La horqueta

Autor: Julio Serrano Echeverría

 

La imagen de la rama bifurcándose. Digamos la vida tenía dos caminos y elige los dos. La figura: la de la ye, la raíz ascendente que se bifurca para formar un signo. Pero también para sostener una densa fibra de hule que termina en una diminuta faja de cuero capaz de abrazar una piedra digamos del tamaño del pulgar de un adulto.

Llega a mi mano un regalo muy especial. Una onda de Chajul, Quiché. Una onda antigua, la horqueta tallada y pintada de negro es la imagen de un mono, un mono con una máscara –que podría hacernos pensar en un personaje danzante-, a la espalda del personaje un monito, con sus ojos abiertos: dos puntos penetrando la madera viendo fijamente a nuestros ojos. Un mono y un monito: una onda. Una onda de Chajul donde me quedó clarísima la fuerza de la vida, digo, caminar en la noche en medio de la niebla a inicios del 2015 y pensar en el tiempo y su elasticidad y en nuestros cuerpos como esa piedra-pulgar que podría pasar por en medio de la horqueta, y desplazarse al pasado y al futuro en un mismo movimiento y pensar en el terror y en la sombra y en el amanecer como el movimiento de un niño cazador jugando con su onda.

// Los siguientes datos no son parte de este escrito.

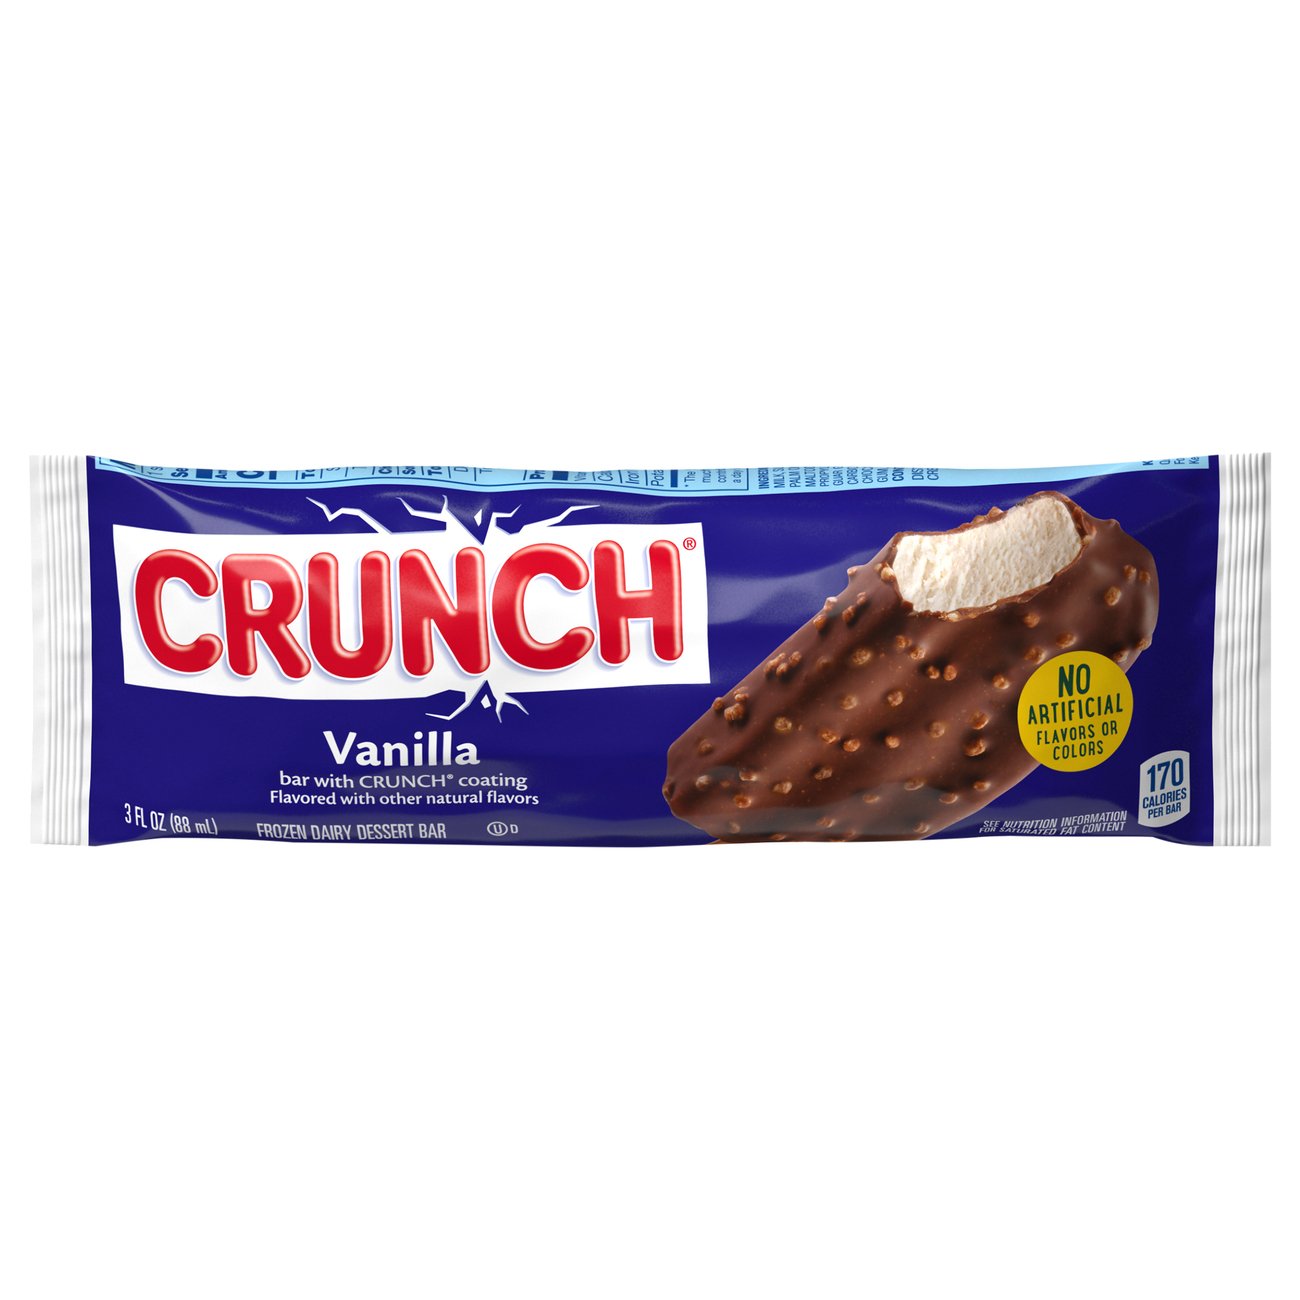 Nestle Crunch Ice Cream Bar

El monito, pues, que comparte signo con el hilo del tiempo, una horqueta de Chajul, una rama en forma de ye donde la vida tuvo dos caminos y eligió los dos.

Apretar la onda con el puño y pensar nuevamente en el tiempo, el lanzamiento parabólico que, vaya hermosa coincidencia, es el mismo movimiento que hace el sol sobre nuestras cabezas. O más bien, que nuestros corazones hacen alrededor del sol, disparados desde algún lugar del tiempo.